Realizing how amenable you are to their nonsense, they, of course, continue to push products and services on you at the pediatrician’s office until you resist. And then they push harder, because they know you are a pushover.

This is really what pediatricians do. It is what many doctors do. The annual checkup is a similar subscription model, and an opportunity to get the customer face-to-face with the white-coated salesman, who will take the customer’s emotions down into the dumps, if the customer will let him, then will propose a miracle solution for all his woes, woes the customer may have known nothing about until ten minutes prior.

If this describes you . . .

Then you are a mark.

You are the exact kind of sucker that the medical system has learned to take advantage of and exploit. And if medical interventions had no side effects, that might be a fine hobby by which you pass the time, but that’s not the case.

Johns Hopkins ran a study in 2016 that claimed these interventions are the third leading cause of death in the US, behind heart disease and cancer. Study authors generously call it “medical error.”

At the same time, other researchers point to a more pernicious cause of death — prescription drugs. They cite a number as big as 783,936 deaths per year, making that the leading cause of death, bigger than cancer or heart disease, and certainly a far bigger ongoing concern than even the most massaged Covid-19 figures would indicate. But Covid-19 fits the narrative. Three-quarters of a million Americans dying every year from legal, safe, healthy, life-extending drugs that their loving doctors prescribed them for the benefit of their patients — That simply does not fit the narrative.

Doctors kill.

But just because you don’t die from a doctor’s scalpel or from a doctor’s pills doesn’t mean they didn’t harm you. Those effects affect far more. And this also impacts children.

Dr. Joseph Mercola pointed out this week in the article “Could Childhood Shots Affect Infant Mortality?” that 200 more babies a month lived longer in April and May 2020, he argues — because there were lockdowns and they could not see a pediatrician. Yes, there were 1/3 fewer deaths among those under 18 in April and May 2020.

Doctors kill children too.

Doctors have largely become wage slave salesmen for large medical conglomerates and  for pharmaceutical manufacturers, while riding on the white coattails of what the noble calling of being a doctor once was.

Sometimes they are even paid a bonus for the level of success they have in manipulating you.

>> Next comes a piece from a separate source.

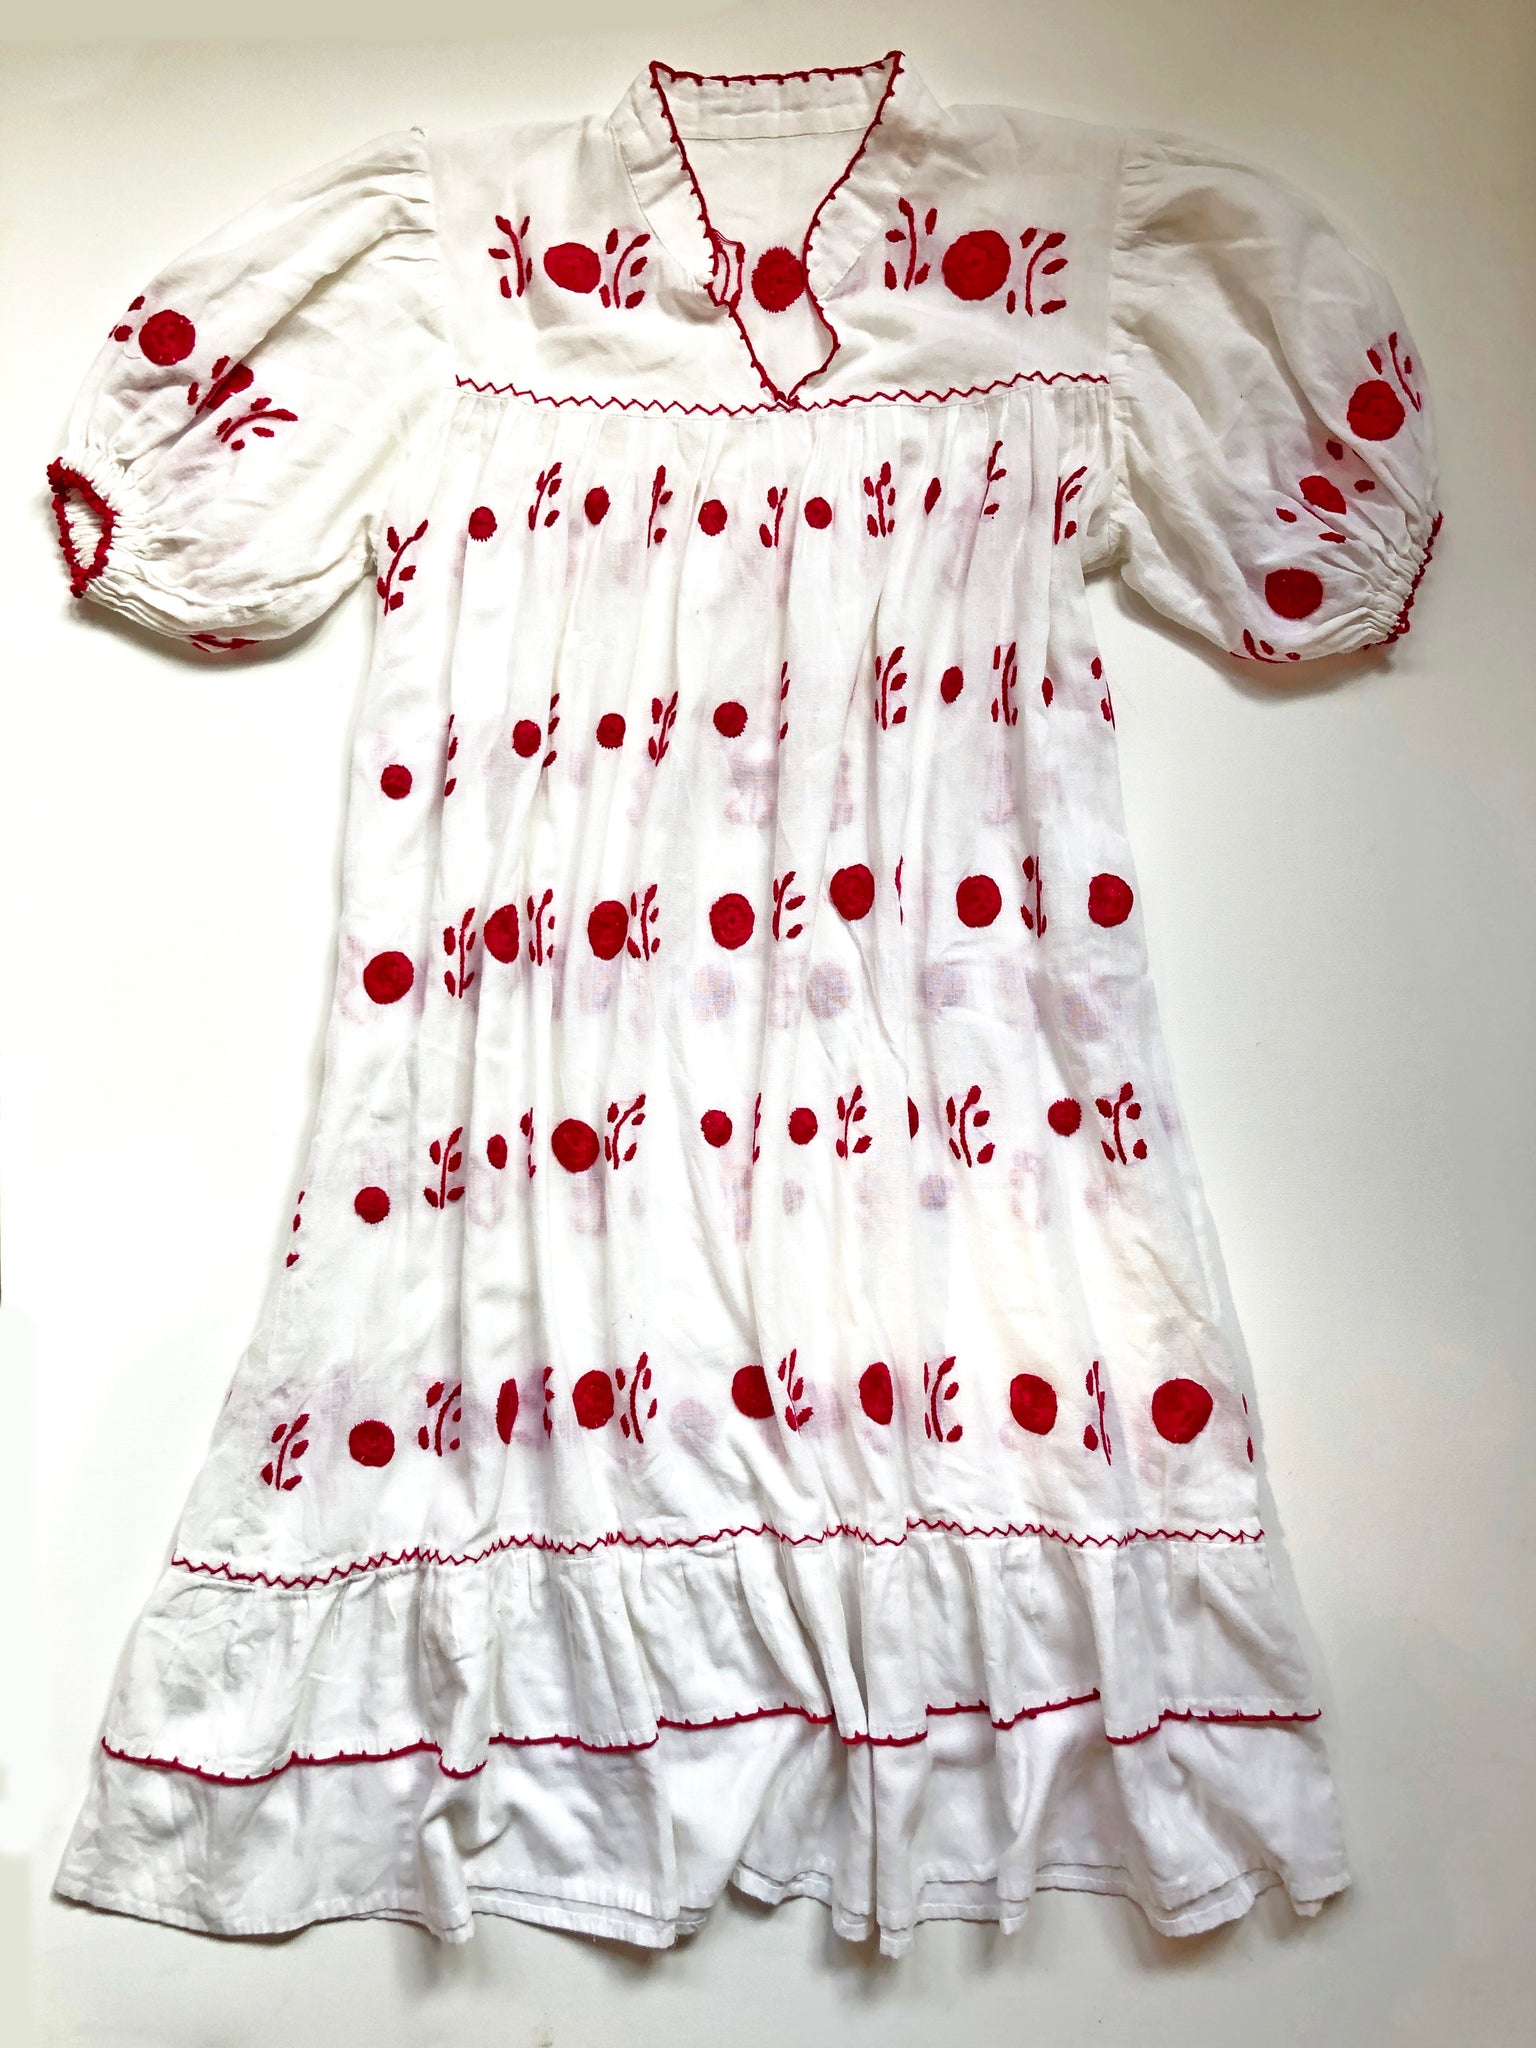 VINTAGE: Hand-Embroidered Cotton Dress

When seeking to beef up on your medical know-how, I would like to recommend books written by doctors who started their practice prior to the introduction of the Polio vaccine. They have an entirely different take on the responsibility of a doctor — hint: it’s not to con you into a subscription model and then upsell you through tactics of fear and the intimidation of the white coat.

I’m a fan of the 1987 text How to Raise a Healthy Child in Spite of Your Doctor, by the late Robert S. Mendelsohn, MD, who is so sober in his estimate of a child’s body to heal itself that he must be considered a quack. It is only $9 new in that airport bookstore style mass market paperback, and easily worth $900 for the piece of mind it has to offer, not only a parent with a sick child, but anyone contemplating a visit into the medical system.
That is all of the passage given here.